For calculating the domain and range of the scale, D3 provides the methods .domain() and .range(). Both of these methods take an array of length 2 (in the case of a linear scale). The first value of the array represents the lowest value while the second value represents the maximum value. So for both domain and range, we give the maximum and minimum values. For domain, we calculated the maximum values with d3.max(, a method which is self-explanatory. The minimum in the domain is taken as 0 (I assume no point in my data has -ve values). The range for the data is taken from the padding of the SVG canvas to the maximum (width and height) values of the canvas minus the padding. For the y range, I reversed the values so that my scatter plots will draw according to the charts we’ve been drawing since childhood (actually computer screens draw the things from upper left corner and that draws the y plots upside down, so in order to make them natural to us, the values are reversed in the range). You might be wondering why I’ve added 50 to the maximum of the data values in the domain() method. I did it so that my highest valued dot doesn’t plot on the edge of the plane. Just remove that 50 + and see for yourself.

Once our x and y scales are defined, we define our radius scale that is decided on the basis of the size of weight of a point. The more the weight, the more the radius. But I scaled my weights from 5px to 15px radii, because if some point weighs 0 or close to 0, then it will be invisible on the plane. Next, I defined the scale for the color values. You are smart, you can figure out those color scales, I know.

Wooooooo! If you’ve digested all of that, congratulations! Now we proceed to our second step of drawing the chart – plotting the dots on the plane (using scale).

Step 2

Okay! Now that we know what scales are and we can define our scales and use those scales to plot our points (circles in our scatter plot) on the x-y plane, we plot our circles on the coordinates based on the x-y values defined in the dataset. With the following code, we add some empty circles to the SVG canvas:

var circles = svg.selectAll('circle') .data(dataset) .enter() .append('circle');

The method selectAll() selects all the attributes defined in the SVG canvas. Wait! What? We didn’t define any circles in the canvas, so why did we select circle tags? Yes, you’re right there, is no circle tag defined in the canvas, that’s why this method, in our case, returns the empty array. With data(dataset) we defined the data source that we will be working on. enter() is the method used to tell D3 that we are going to add the circle elements to the SVG canvas for the first time (no update or delete, we’ll look at them too… in later blog posts). The append method adds the circles to the SVG canvas, though we don’t have any circles yet. We know it’s confusing. But, if there are no circles, then how did we add the circles to the canvas? Actually, D3 keeps it in mind that we’ll add the circles to the canvas as we read the data from a dataset and also set their attributes.

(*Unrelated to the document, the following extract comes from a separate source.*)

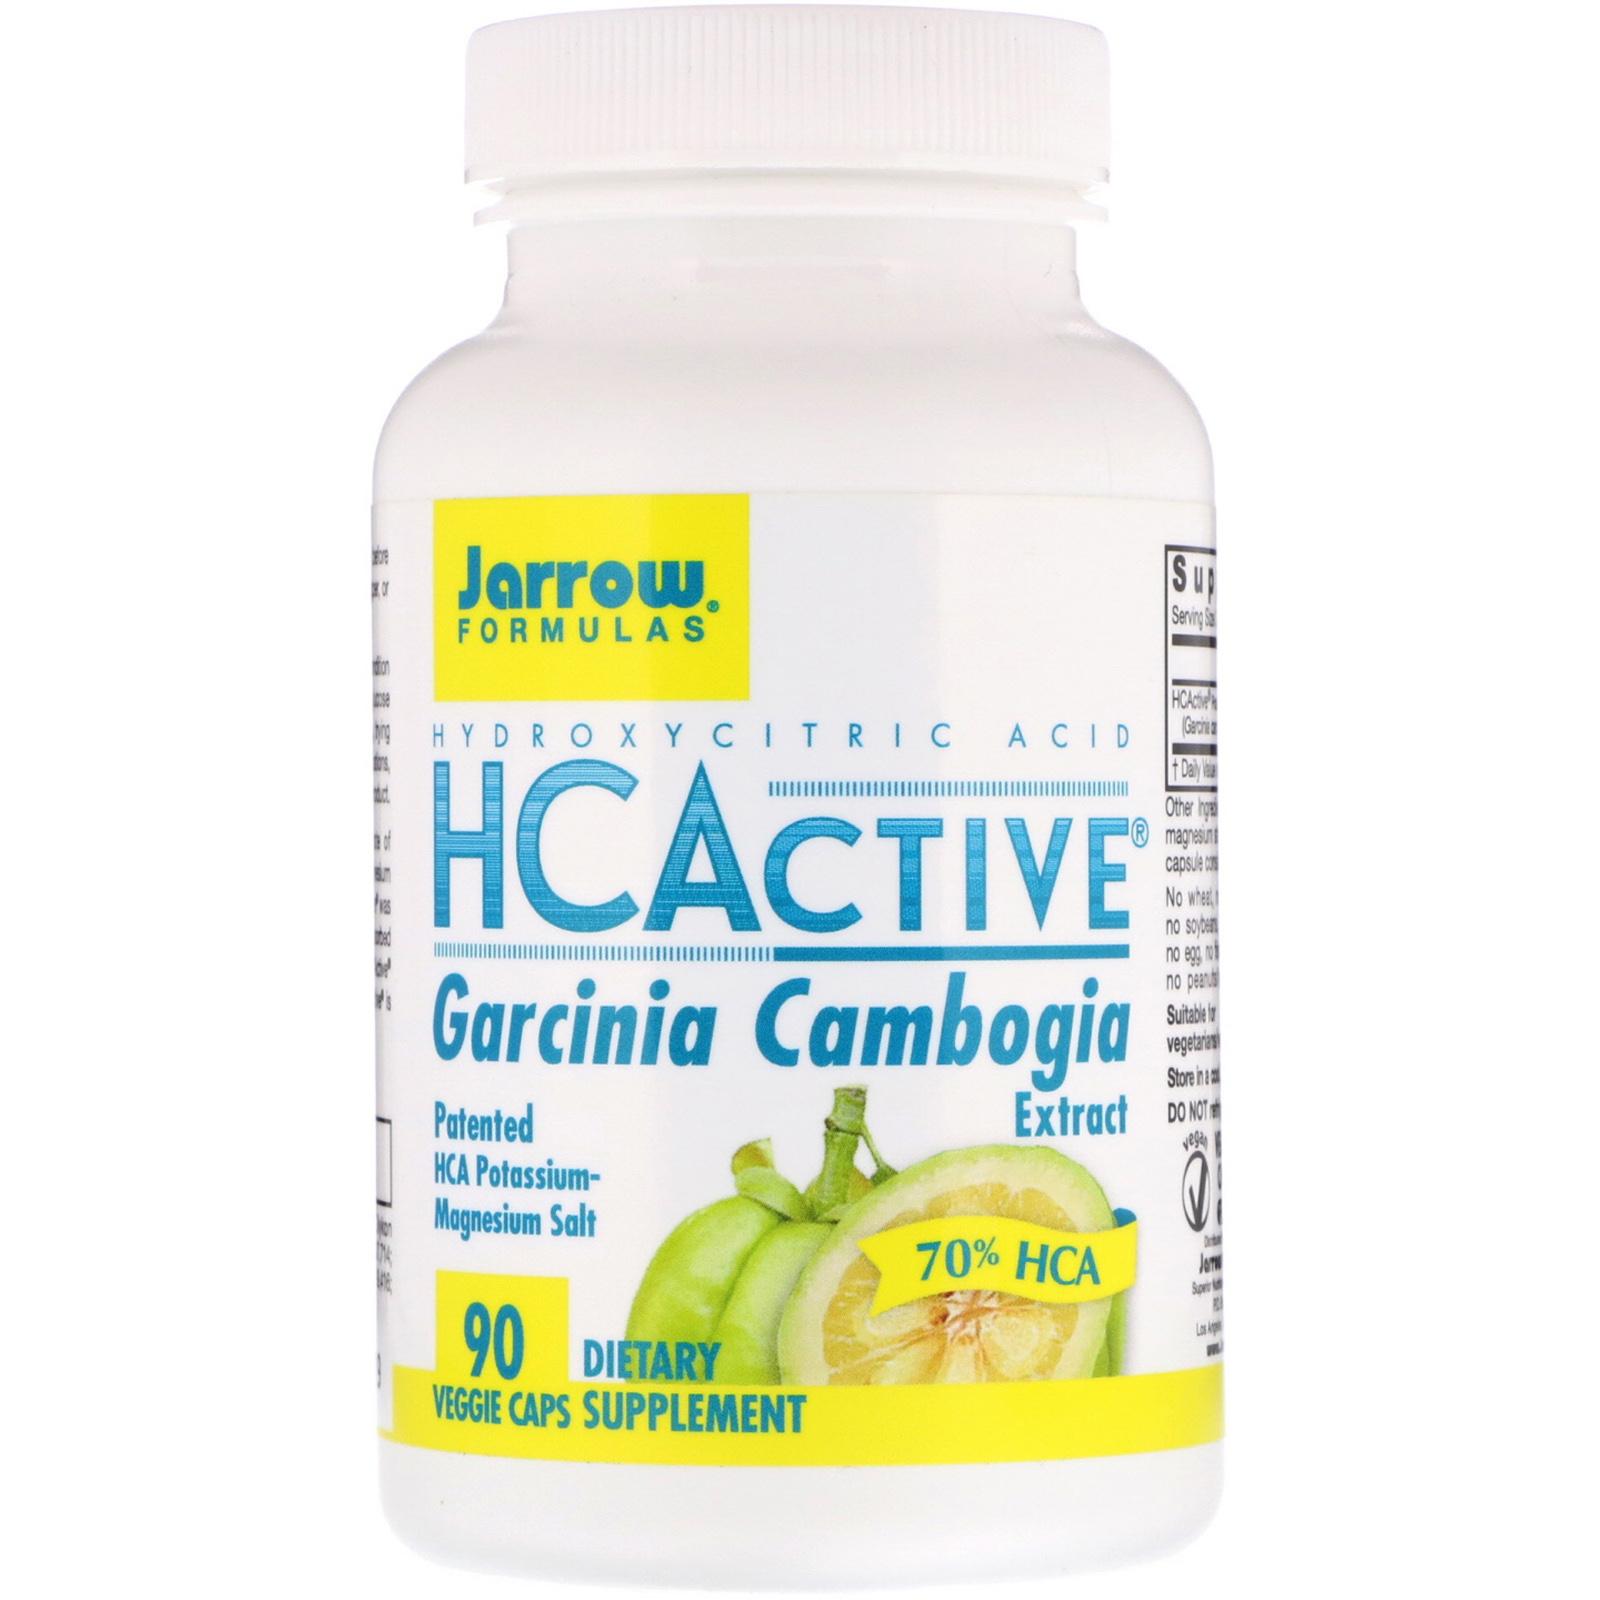 Jarrow Formulas Hcactive Garcinia Cambogia Extract 90 Veggie Caps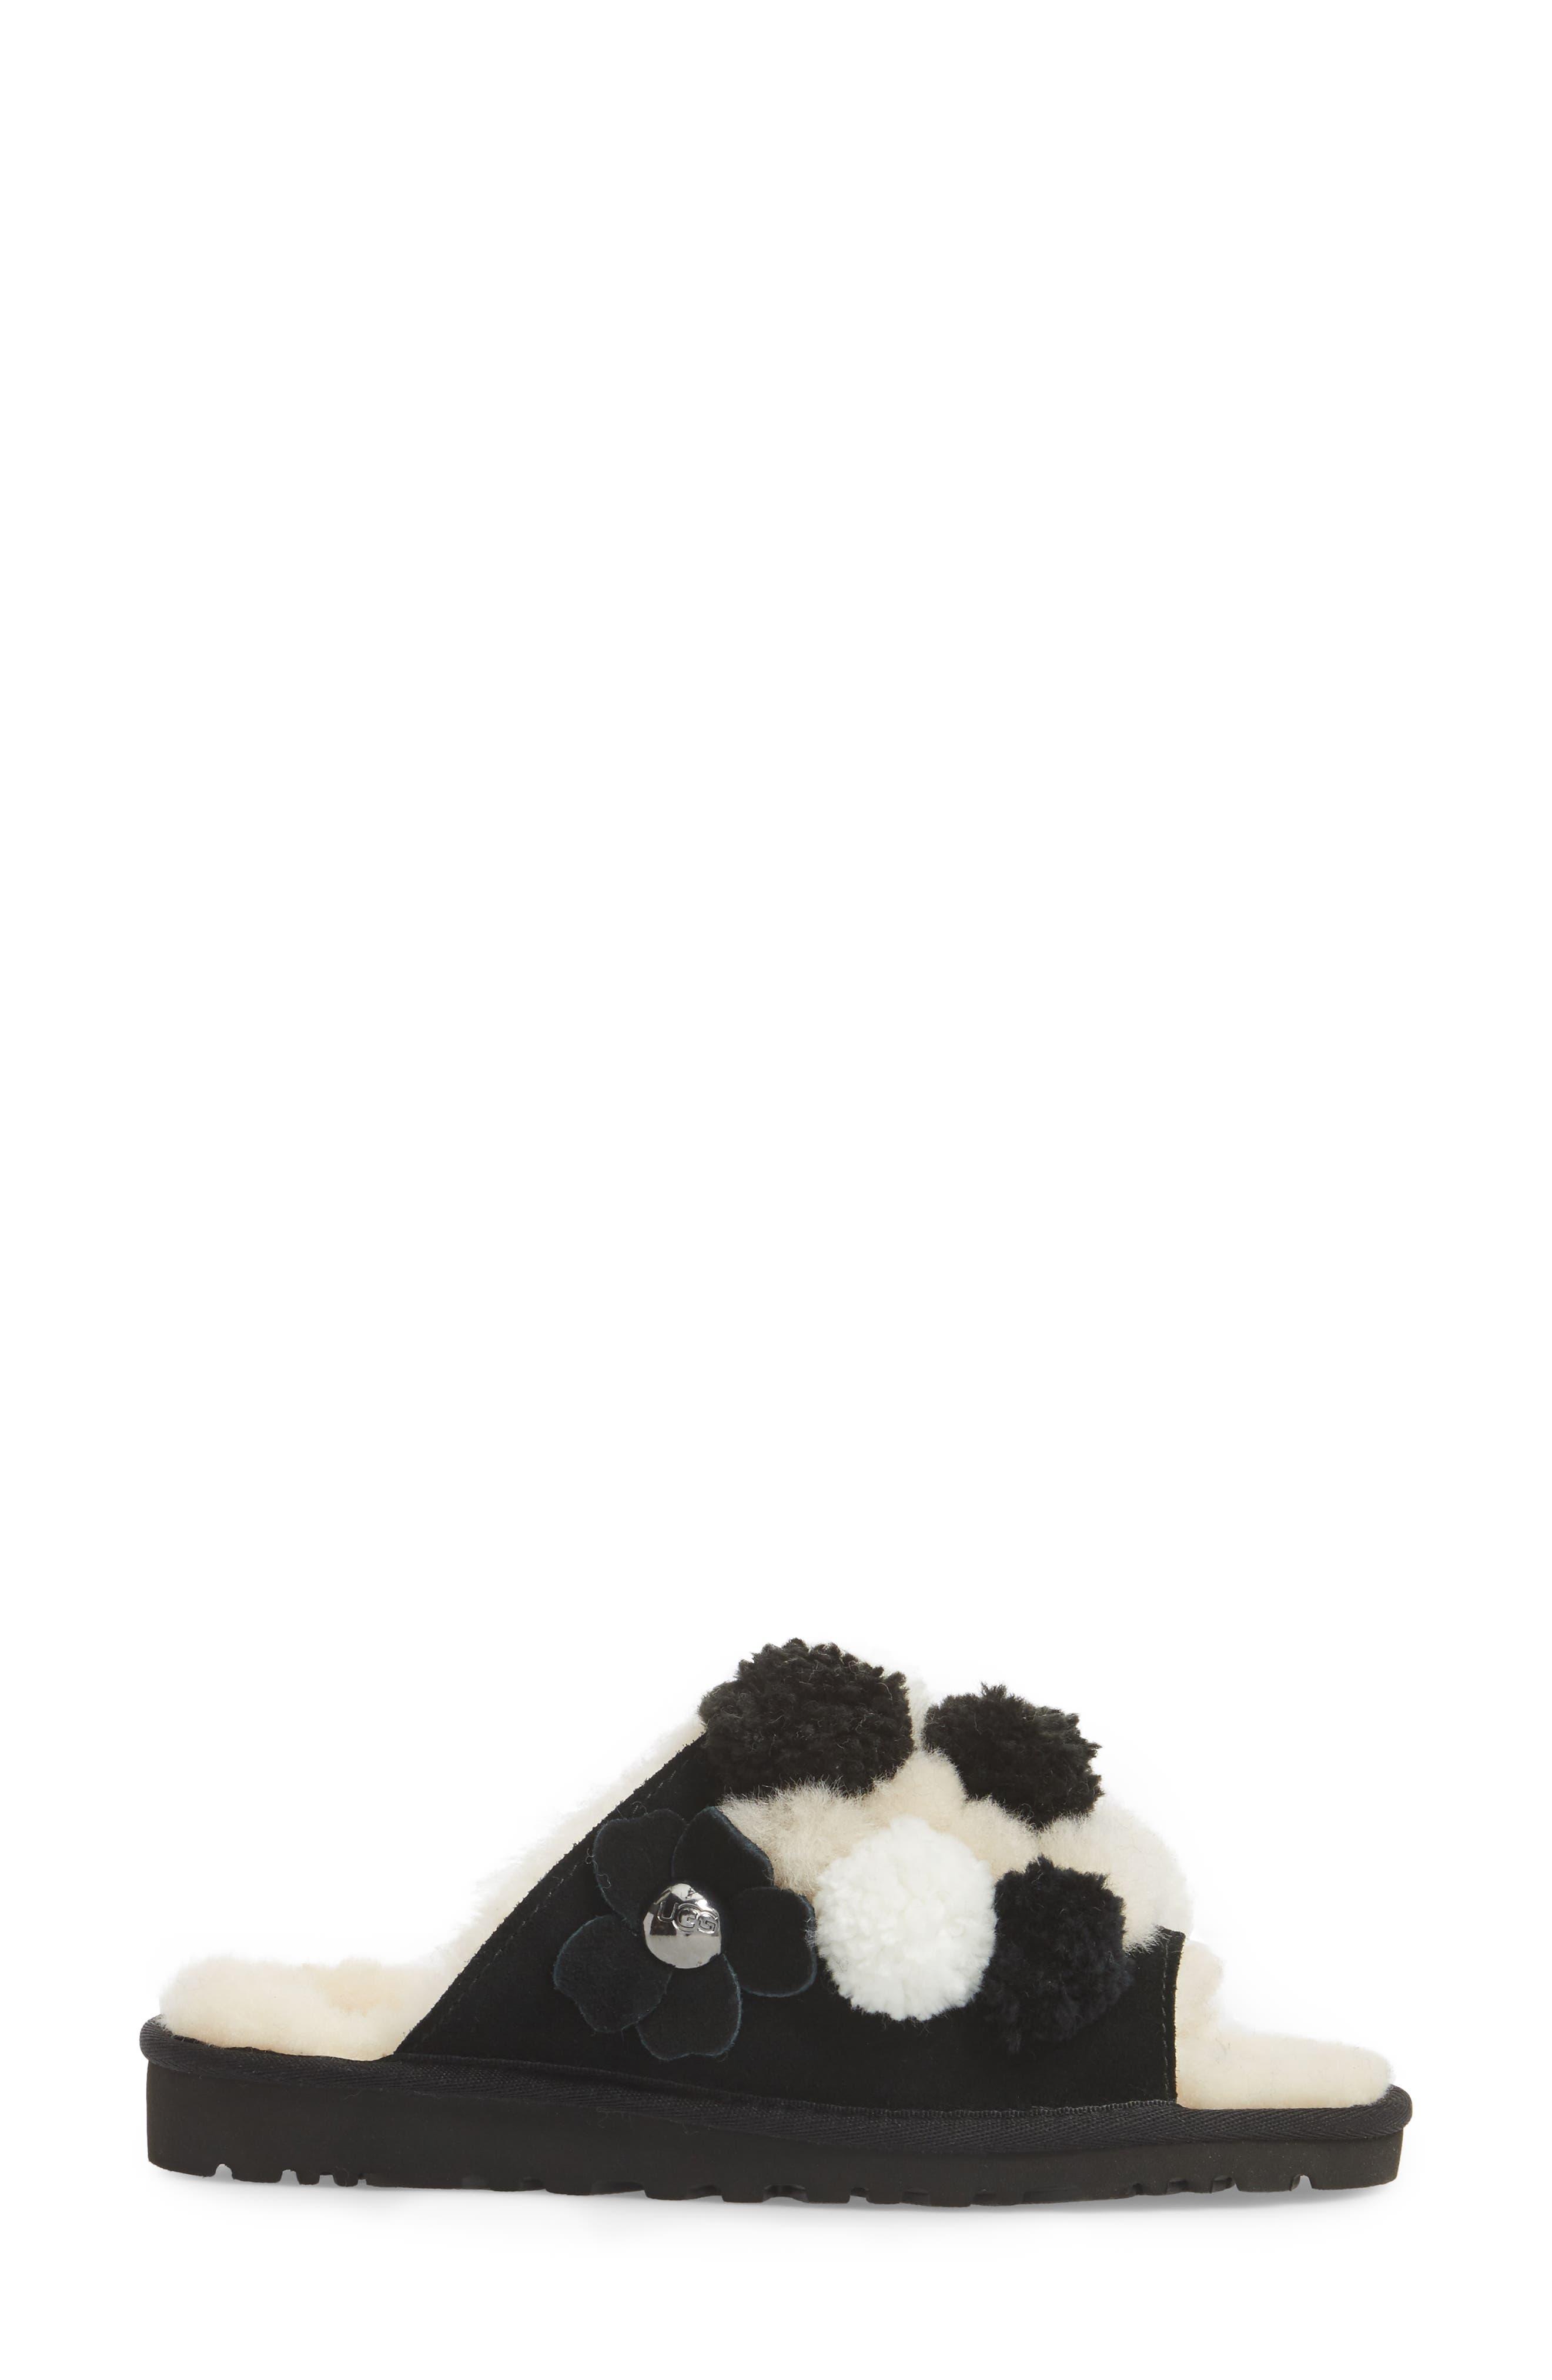 Clio Pom Pom Slide Sandal,                             Alternate thumbnail 3, color,                             Black Suede

If we print the circles on the console we see that: 

Object { _groups: Array[1], _parents: Array[1] }

So, it’s actually an object with two fields which are arrays with lengths equal to 1.

Now, let’s define the attributes of the circles so that they start appearing on the SVG canvas. Here, we define the x-y coordinates with x and y scales, the radius of the circles based on the radius scale, fill them with an orange color, create the boundary of each circle, and set the width of each boundary. The attributes of the circle are defined with the .attr() method.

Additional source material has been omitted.